Hacker News new | past | comments | ask | show | jobs | submit login

Yeah, I think there's a big difference between unpublishing and retracting. Simply making a story disappear is a common way of hiding a fuckup. (Also, sometimes a way of making a difficult person go away.) Retracting is admitting the mistake.

I'd like this a little better if they had some way to access the old material in a fashion that made it clear it was withdrawn. But I think this is way better than just leaving the old story up in a form that might be harmful to people. I'm strongly influenced here by Wikipedia's "Biographies of Living Persons" standard, which is much stricter than that for articles on other topics: https://en.wikipedia.org/wiki/Wikipedia:Biographies_of_livin...

For those curious, the Wayback link is here: https://web.archive.org/web/*/https://www.npr.org/2018/04/03...

Edit: Actually, user Buge found the real archive link here: https://web.archive.org/web/20180403204501/https://www.npr.o...




There are four options here

1. Leave the story unchanged

2. Publicly retract the story, but keep the text available with a disclaimer.

3. Publicly retract the story and "unpublish" it, i.e., remove the text from the website.

4. Silently unpublish the story.

Everyone agrees that #1 and #4 are very bad.
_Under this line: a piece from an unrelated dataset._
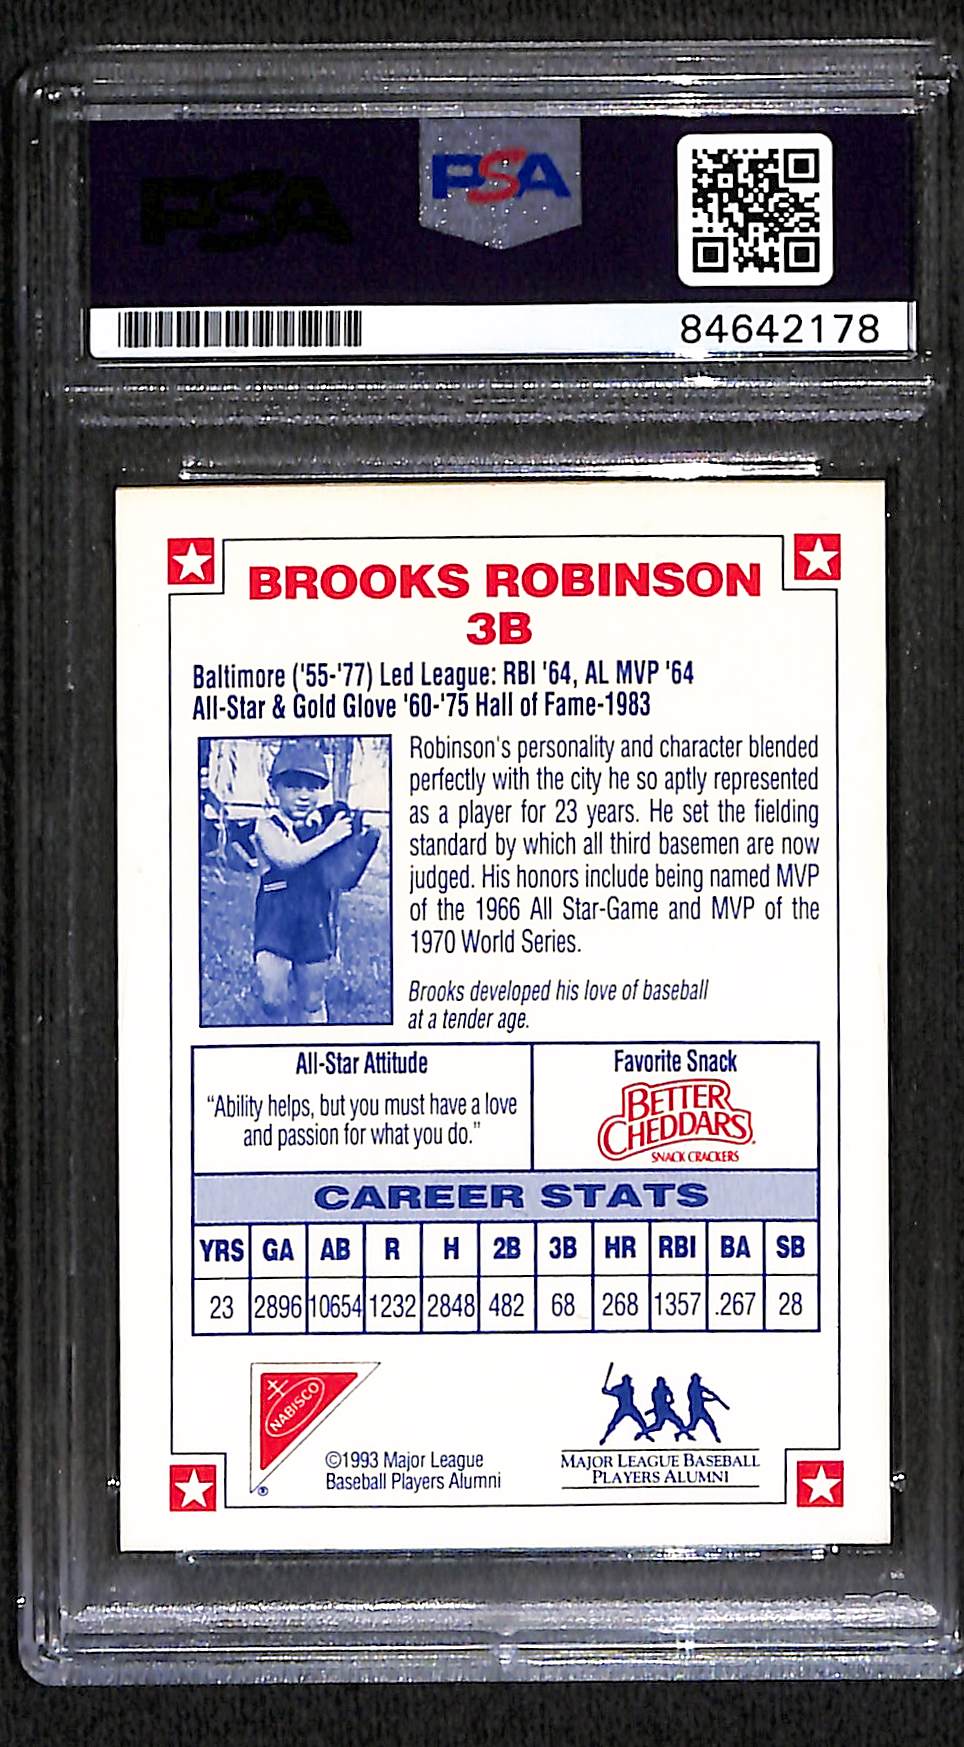 1993 NABISCO BROOKS ROBINSON AUTO CARD PSA DNA (2178)

ColanR is claiming that #2 is better than #3, and in particular that #3 conflicts with existing NPR policy. We are inferring NPR policy from an informal blog post, not some official document, which was written in the context of third parties requesting that content be taken down. However, it is quoting an AP Editor policy that is not in that context.

You can argue that NPR didn't intend to endorse this policy in the context when they were the ones who messed up, rather than it being a complaint involving a third party. But then it seems rather hypocritical.


I think the issue here, and perhaps the deciding factor between 2 & 3 is that the original story names the "alleged author" (basically of the villain of the story) and my read of the retraction is that they can't confirm that the person named as the villain is, in fact, actually the bad guy.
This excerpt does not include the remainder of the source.